Looks to me like its probably a bug in the md layer and PAX_REFCOUNT is simply acting as a QA tool. ;) CCing PaX Team and kernel@.
(In reply to comment #6) > On vanilla kernel 2.6.27.13 patched with pax_refcount I got proper symbol > output of the stack dump: > Jan 28 02:52:07 testwww PAX: refcount overflow occured at: > sync_request+0x582/0x5d1 most interesting ;). i'll need your vmlinux and System.map files that correspond to this trace (send them directly to me, no need to bother bugzilla with such big attachments). also you could tell me which raid support you're using there as this sync_request function is implemented in 3 modules and from the trace i can't tell which one it was.
Both the Athlon 64-bit server and the Pentium 4 32-bit test server (both dual cores) are running RAID1 using two hard drives
this is what happens: towards the end of drivers/md/raid1.c:sync_request() there're two calls to md_sync_acct() which in turn do nothing but an atomic_add() on ....->bd_disk->sync_io. this ->sync_io field is used only in drivers/md/md.c:is_mddev_idle() along with a longish comment about how it's used. now i have no clue about the internals of md/raid/whatever, but it seems this field is simply used as a simple counter (i.e., not as a refcount) and the overflow detection may not need to apply to it, but given its use i'm not so sure. thing is, the arithmetic expression using this ->sync_io field contains two other fields, both of unsigned long type. on 64 bit archs this means that we're doing arithmetic on mixed 64/32 bit integers, that always looks like trouble, especially here when we now know that the 32 bit integer field can overflow and, no doubt, eventually wrap around (on 32 bit archs even the unsigned long fields can wrap around, i guess). so i'd say someone should ask the md/raid developers about this, as i can't make a judgement call. as a workaround, i'll add special handling for this particular atomic_t field, but that'll shut up the PaX warning only, it won't fix the underlying issue (if there's one at all, of course).

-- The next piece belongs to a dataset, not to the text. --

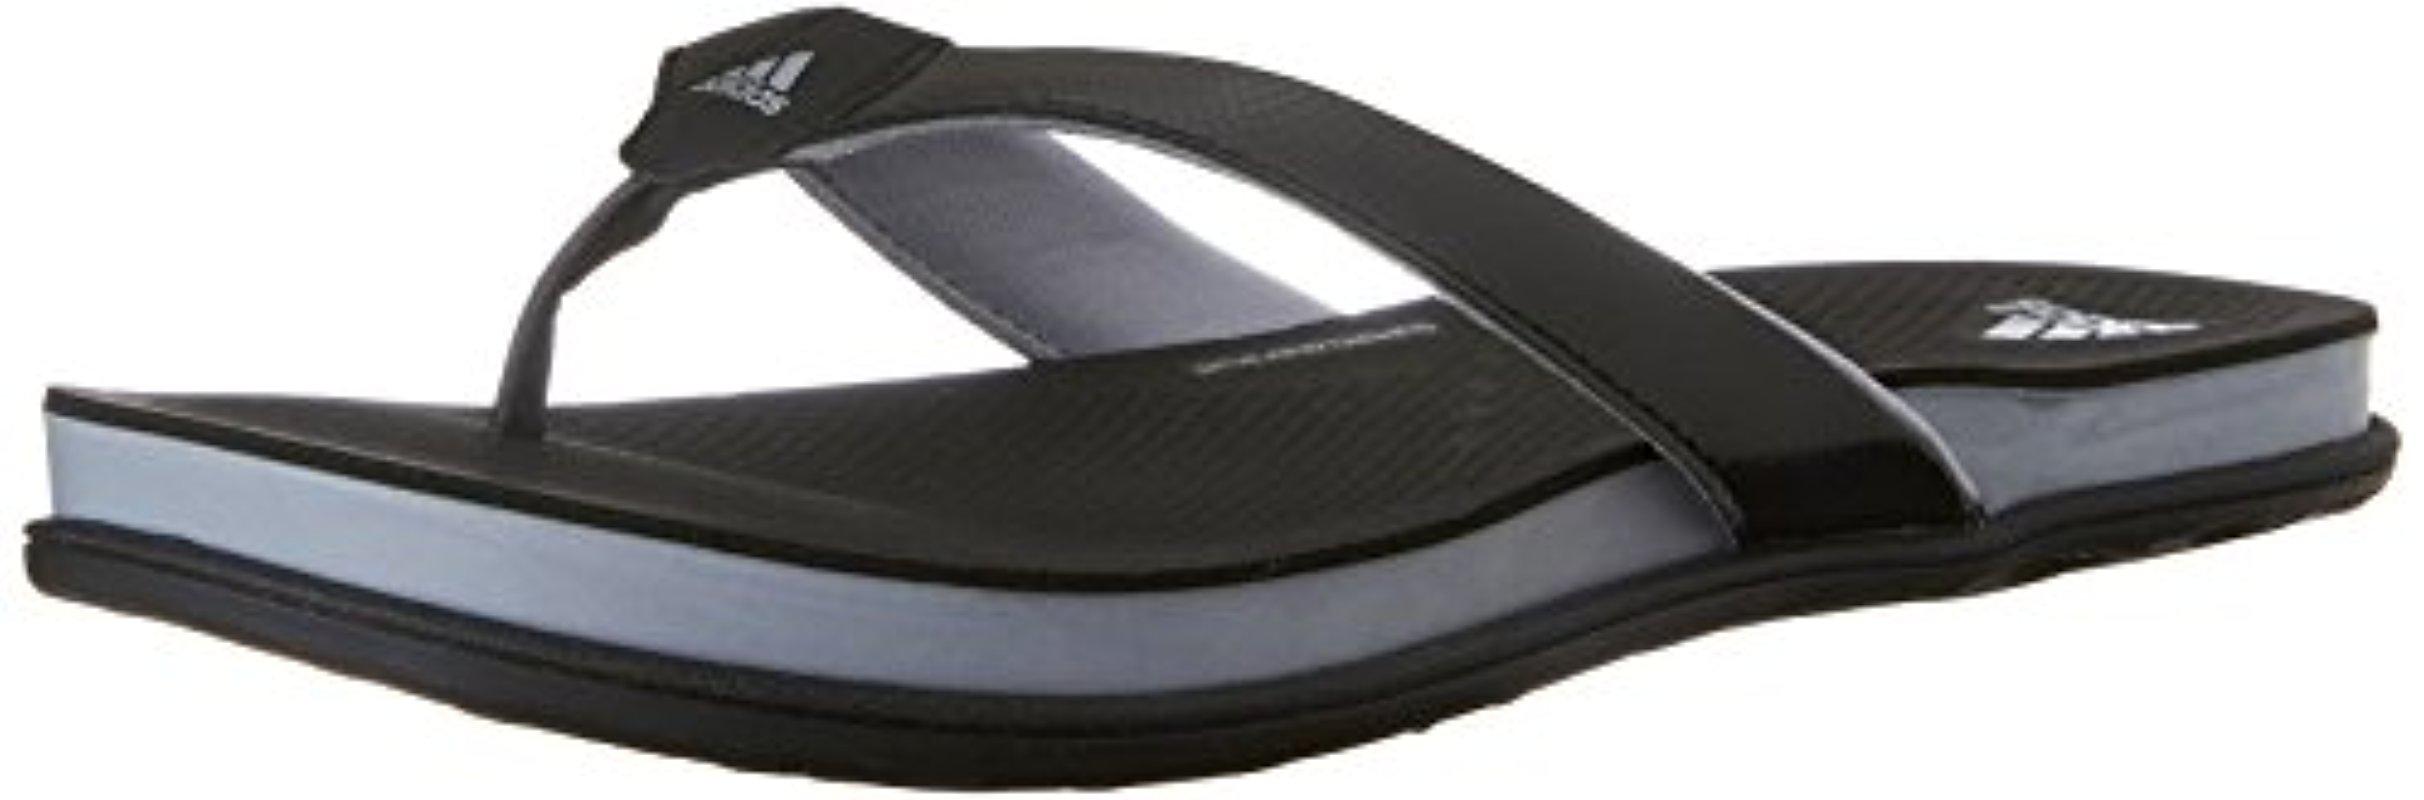 adidas Supercloud Plus Thong Athletic Slide Sandals in Black/Mid  Grey/Silver (Black) | Lyst

after having discussed it with Neil Brown, i fixed this problem, give the latest test patches a try please.
It looks like that workaround has fixed the problem. I ran test_check_raid.sh for 400 iterations on one of the 32-bit test server's 20GB RAID1 partitions and didn't get any errors or crashes.
Should be fixed in sys-kernel/hardened-sources-2.6.27-r8. Waiting to close the bug until: 1. a release with the fix has been marked stable. 2. a fixed 2.6.28 release is in the tree.
> Should be fixed in sys-kernel/hardened-sources-2.6.27-r8. > > Waiting to close the bug until: > 1. a release with the fix has been marked stable. > 2. a fixed 2.6.28 release is in the tree. > Requirements met awhile ago, closing as fixed.
It looks like this bug has returned in hardened-sources-2.6.28-r7. http://www.grsecurity.com/test/grsecurity-2.1.14-2.6.29.2-200905040840.patch appears to have the atomic_inc_unchecked workaround fix for kernel 2.6.29 though.
same here...2.6.28-hardened-r7...rather annoying bug...
(In reply to comment #15) > It looks like this bug has returned in hardened-sources-2.6.28-r7. > http://www.grsecurity.com/test/grsecurity-2.1.14-2.6.29.2-200905040840.patch > appears to have the atomic_inc_unchecked workaround fix for kernel 2.6.29 > though. it seems to be a merge problem in grsec, PaX has the chunk in all .28 patches. in general, you should now move to .29 though, we don't touch .28 anymore.
Fixed again in =sys-kernel/hardened-sources-2.6.28-r8. Thanks for re-opening the bug.